■ **Your objective**
Transcribe the whole listing below without changing a word, but leave out every image.

■ **Available data**
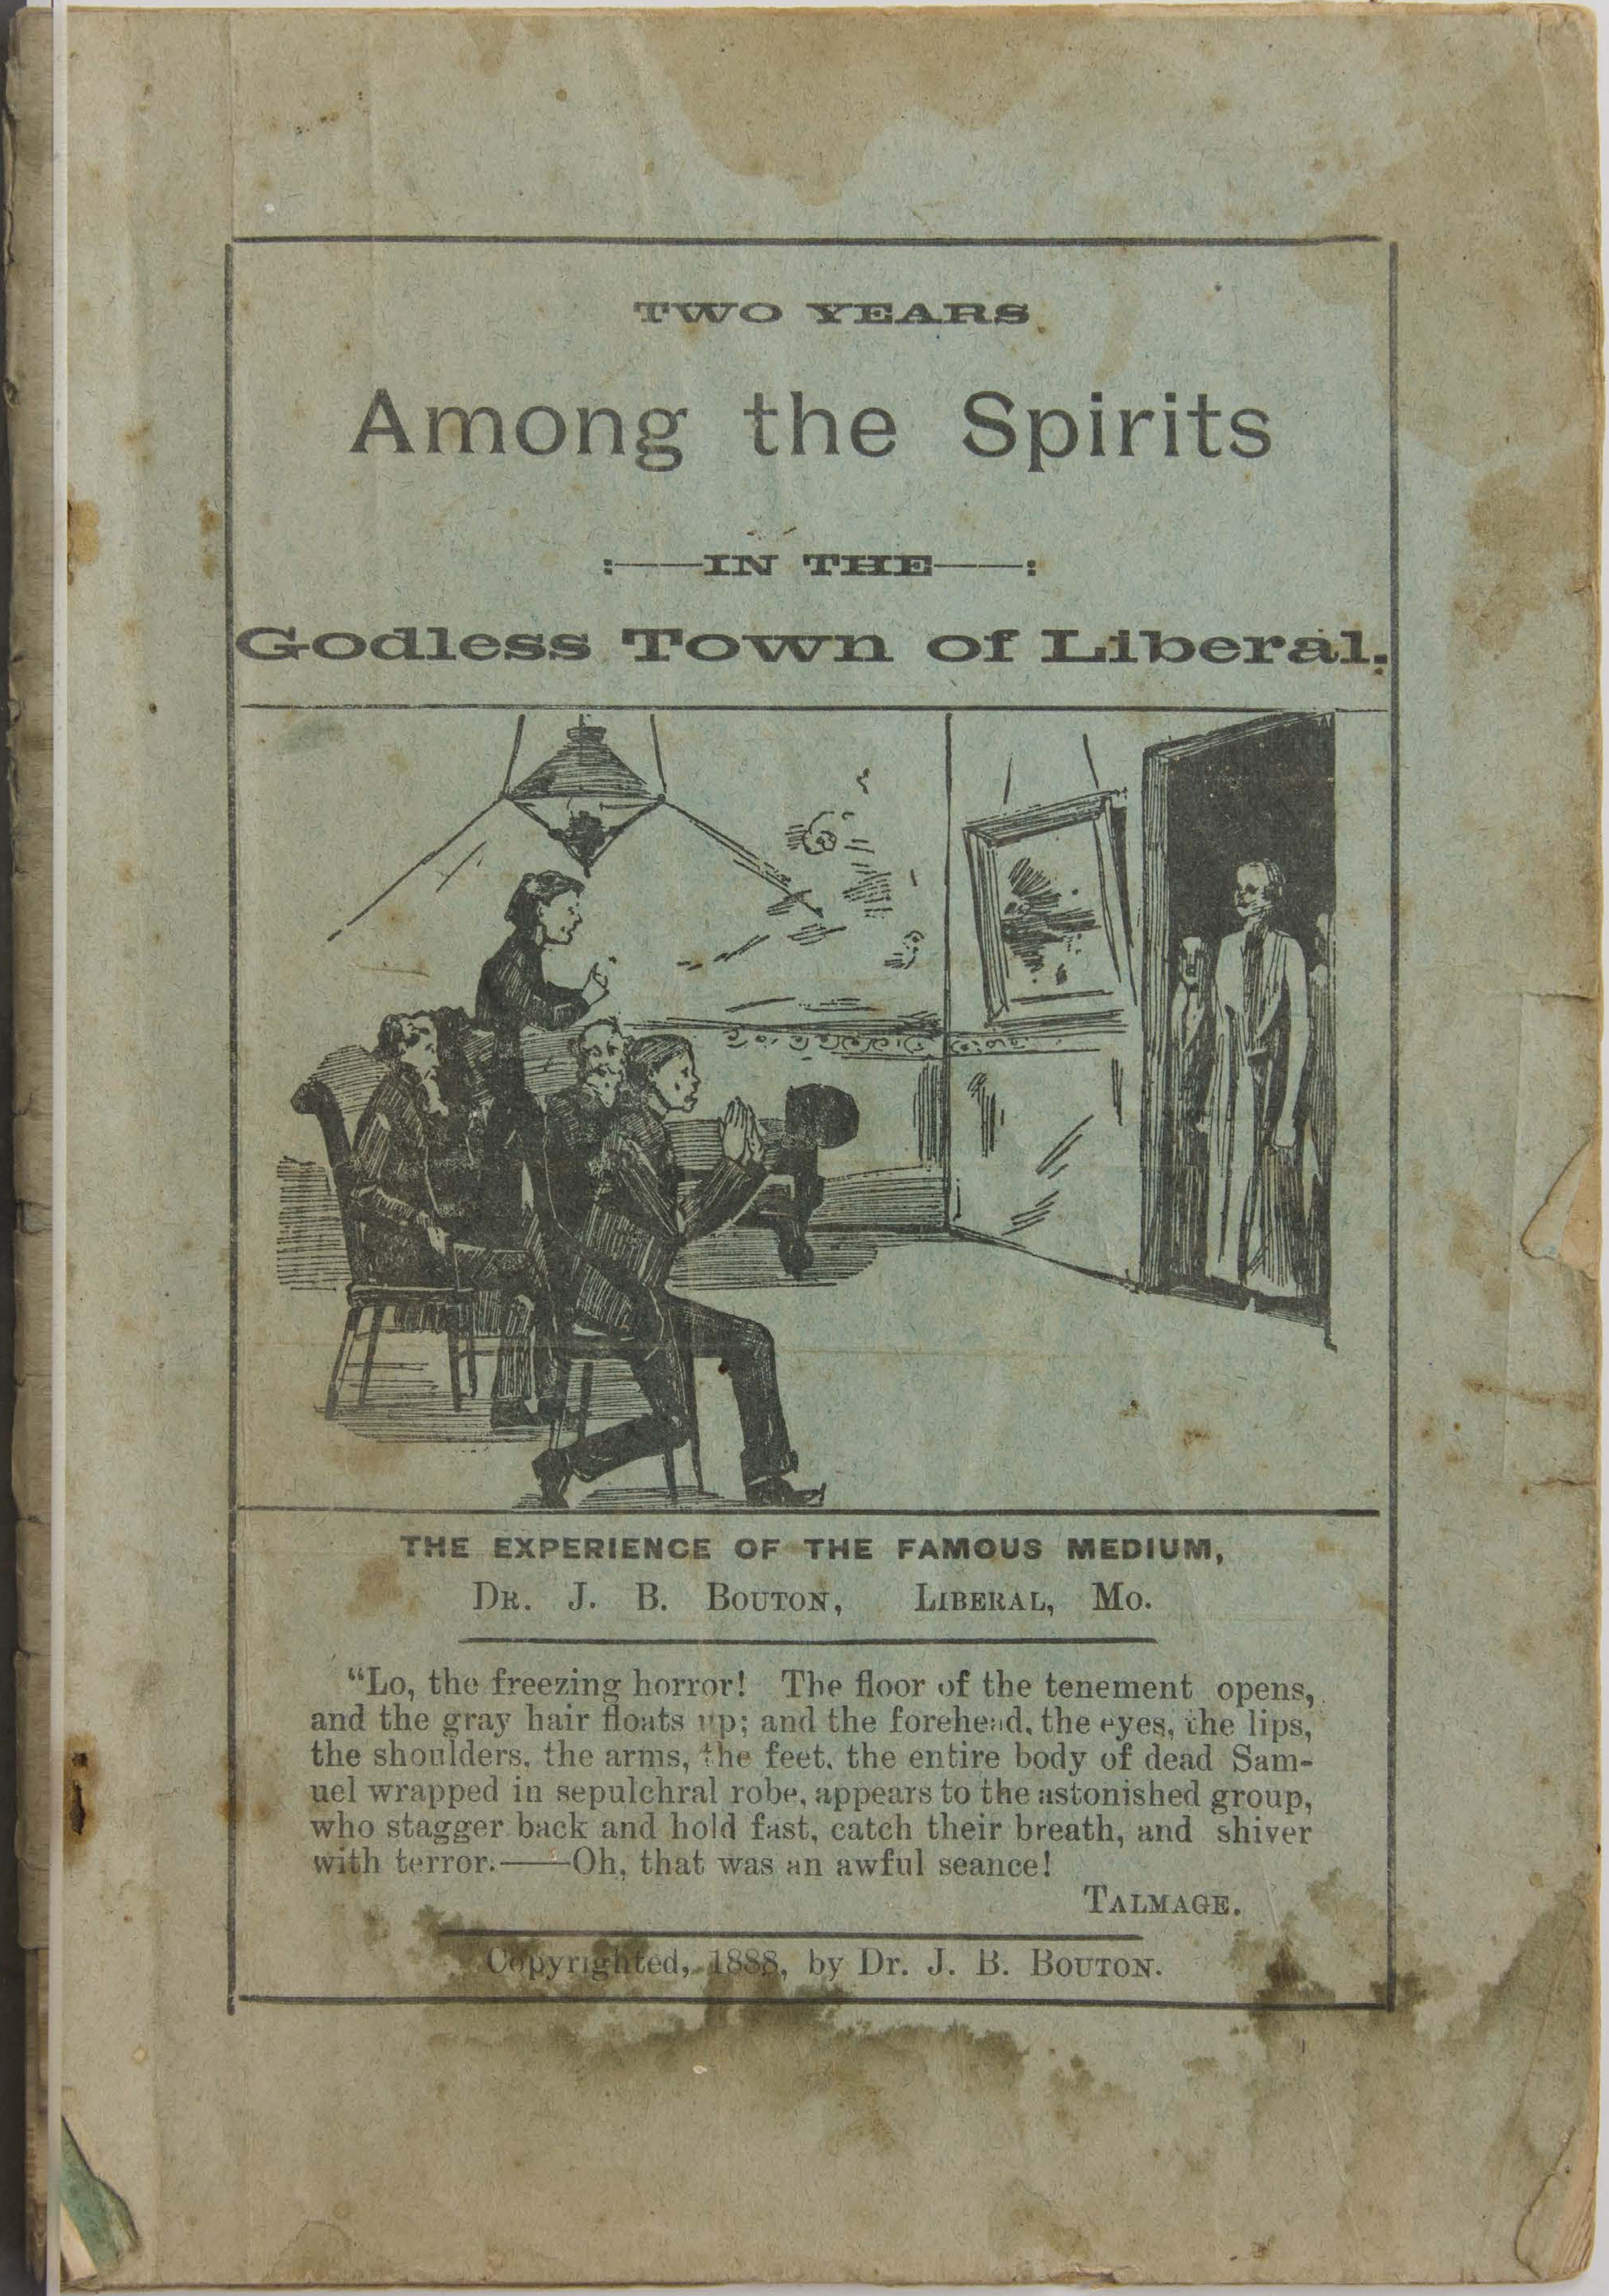 Two Years Among the Spirits in the Godless Town of Liberal: The Experience of the Famous Medium, Dr. J. B. Bouton, Liberal, Mo.
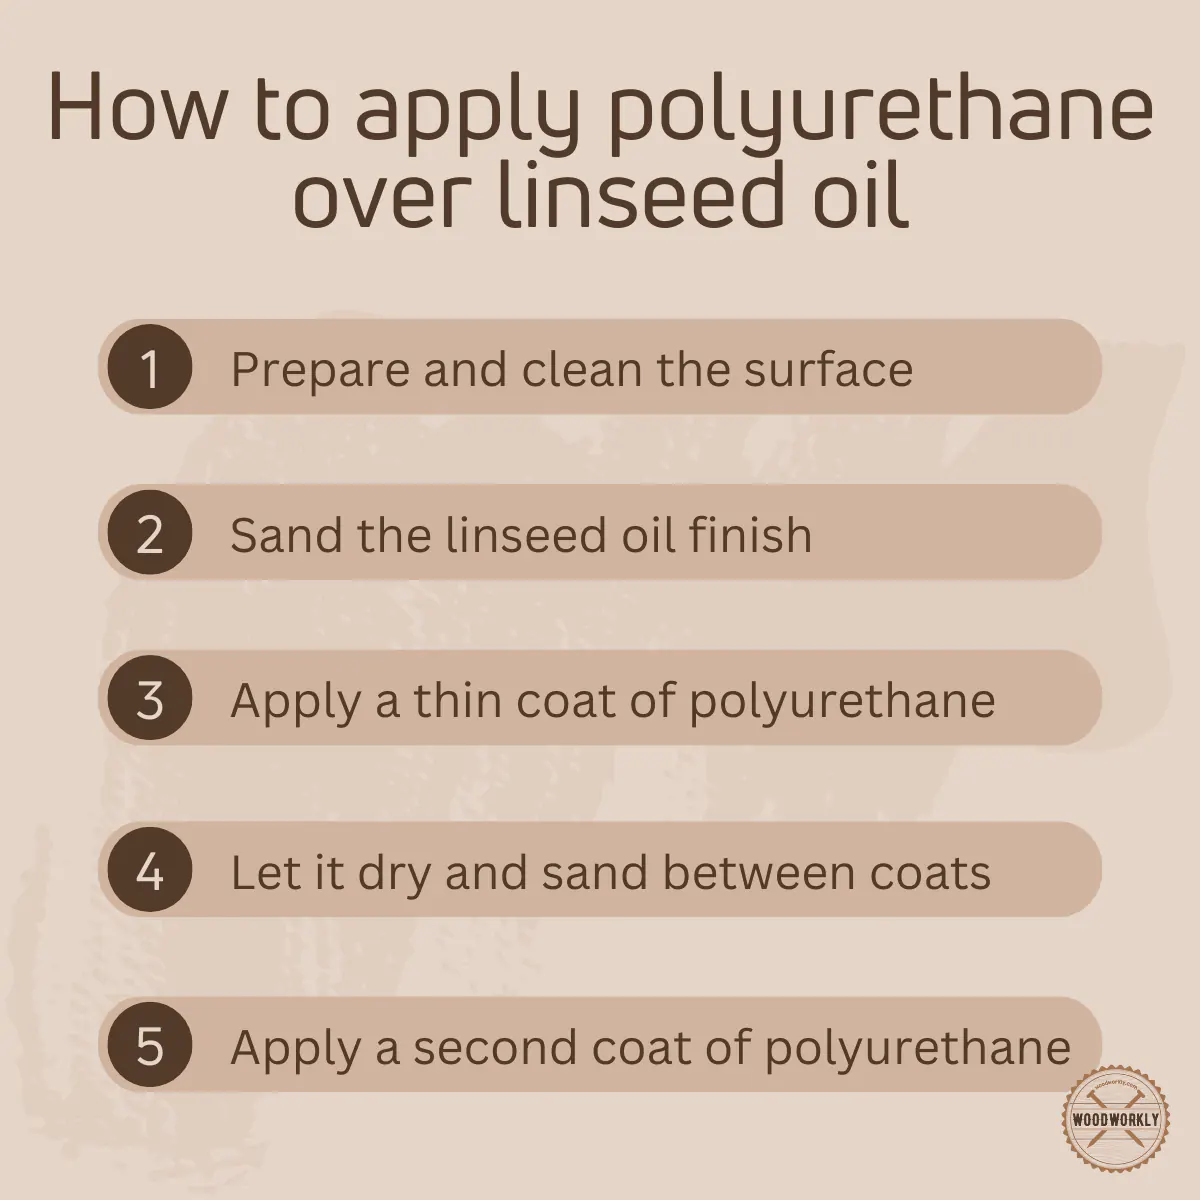 How to apply polyurethane over linseed oil
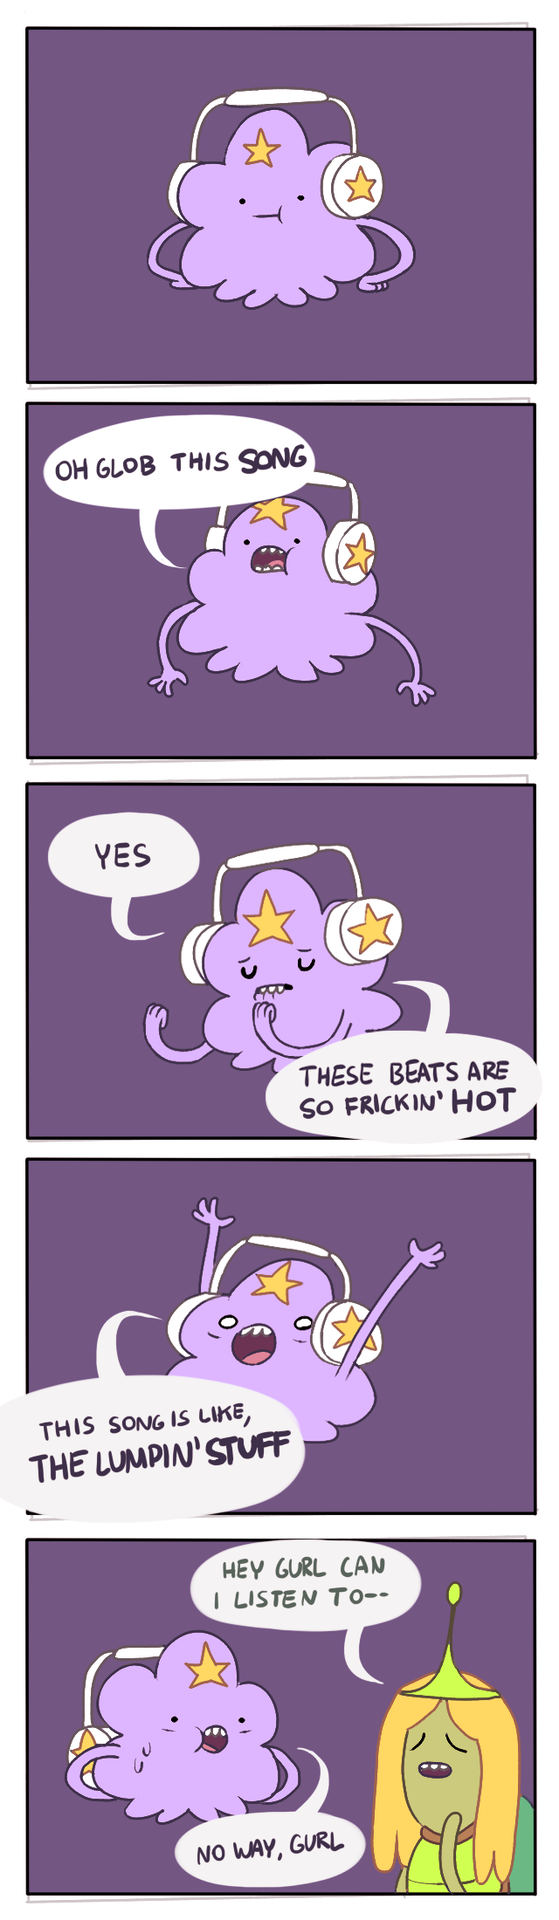 LSP i can hear her in my head hahaaha

■ **Completed task**
 Two Years Among the Spirits in the Godless Town of Liberal: The Experience of the Famous Medium, Dr. J. B. Bouton, Liberal, Mo.
 How to apply polyurethane over linseed oil
 LSP i can hear her in my head hahaaha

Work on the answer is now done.